E então o fruto tardio de um filme torna-se criação de seus próprios protagonistas. Juntam-se ao diretor Richard Linklater na concepção desta modesta produção o casal que, nove anos antes, deixara uma pequena mas fiel legião de fãs atônita e aflita pelo futuro de uma história de amor que durara apenas um dia. Ethan Hawke e Julie Delpy assinam os créditos pelo roteiro ao lado do diretor, sendo que Delpy vai até além e responde por nada menos que três canções compostas para a trilha sonora do filme. Que é ainda melhor que o anterior.
Na continuação da história do americano Jesse (Hawke) e da francesa Celine (Delpy), quase uma década se passou sem que a promessa que fizeram ao final de Antes do Amanhecer se concretizasse. As razões para isso serão devidamente colocadas na tela após o reencontro não tão casual dos dois em Paris, pouco antes de Jesse embarcar novamente para os EUA. Graças ao sucesso de seu livro, baseado naquele fatídico dia romântico vivido há nove anos em Viena, Jesse é procurado por Celine ao final de uma sessão de divulgação de sua obra. Surpresos pelo reencontro e separados por vários anos de convivência distante, os dois têm ainda menos tempo para passarem juntos antes de mais uma despedida.
Apesar do grande hiato entre um filme e outro, e do nítido envelhecimento físico de Ethan Hawke e Julie Delpy, é gratificante perceber que a sensibilidade demonstrada no romance original permanece a mesma. O arrebatamento sentimental é mesclado com tenacidade às experiências pós-encontro de cada um dos dois, o que faz com que as responsabilidades da vida adulta (um deles se casou e teve um filho) represente um obstáculo praticamente intransponível para a consumação de um desejo há tanto tempo adiado. Fica evidente que, apesar da experiência de cada um, eles não chegaram a abandonar a cautela no que diz respeito ao desejo, dialogam com a naturalidade de amigos de longa data que há muito não se vêem e demonstram uma liberdade uma para com o outro que só uma noite como a que passaram juntos seria capaz de justificar. Em suma, os diálogos, aparte as emblemáticas e sempre românticas imagens de Paris, são praticamente o grande atrativo do filme, e refletem com maturidade e sutileza o que se espera de um reencontro tão ardorosamente antecipado. O momento em que esse reencontro ocorre, por falar nisso, quando imagens de Celine nas lembranças de Jesse se confundem com uma tomada dela olhando diretamente para ele e mesclam o passado e o presente de maneira sublime, é fenomenal.

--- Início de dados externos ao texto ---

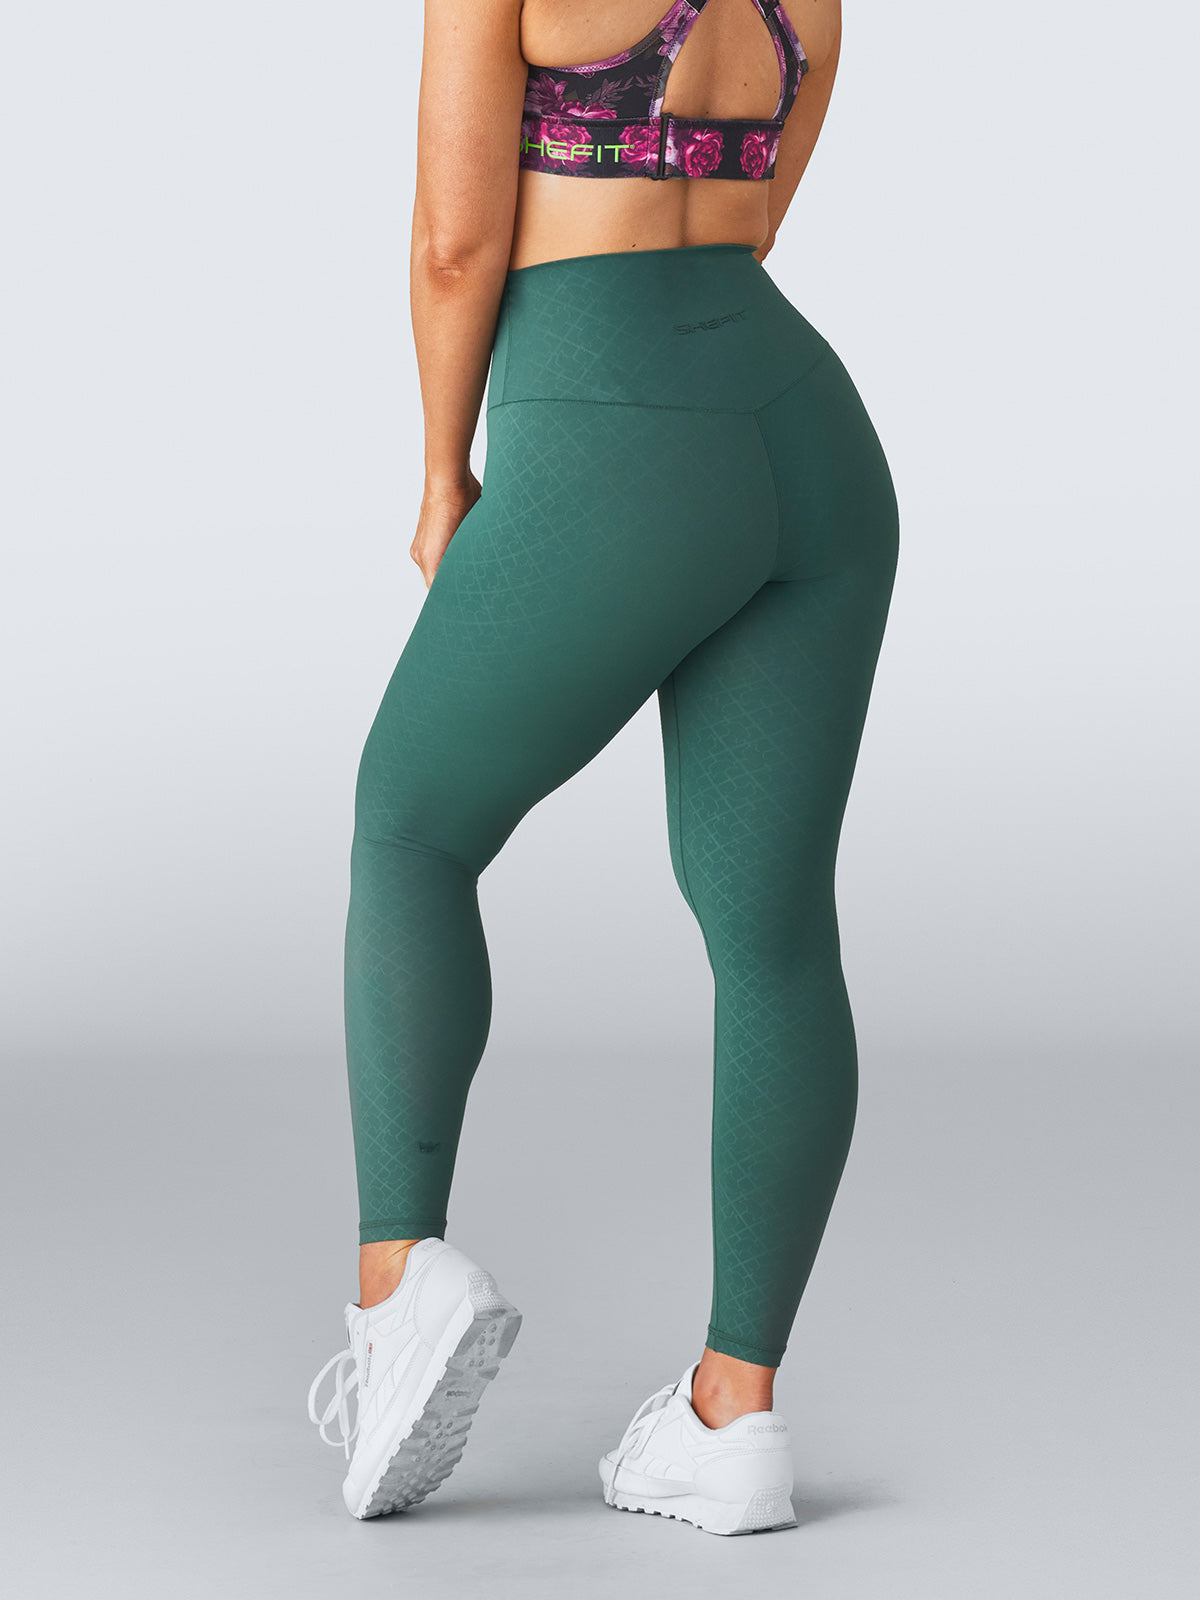 SHEFIT - The wait is finally over! We now have Boss'd Leggings

Em escala, o segundo longa parece bem mais contido que o primeiro. Se o primeiro retratava o amor à primeira vista no ápice de uma juventude exuberante, o segundo traz um gosto algo amargo de um romance prejudicado pelas mazelas do destino, que não deixa de vir sem culpa e arrependimento. Ethan Hawke envelheceu bem mais que Julie Delpy, e isso parece ter sido incorporado ao seu personagem no que diz respeito a responsabilidade. No final das contas, é esta mesma experiência, associada às diferentes condições de vida dos protagonistas, que torna o final de Antes do Pôr-do-sol menos difícil de ser assimilado. Porque cruel com a platéia ele é, talvez ainda mais que a despedida do primeiro filme.
Felizmente, a trilogia é devidamente concluída em Antes da Meia-noite, lançado em 2013.
O DVD traz como extras um making-of básico de 10 minutos e o trailer, além do trailer de A Nova Cinderela, exibido assim que o disco é colocado no aparelho.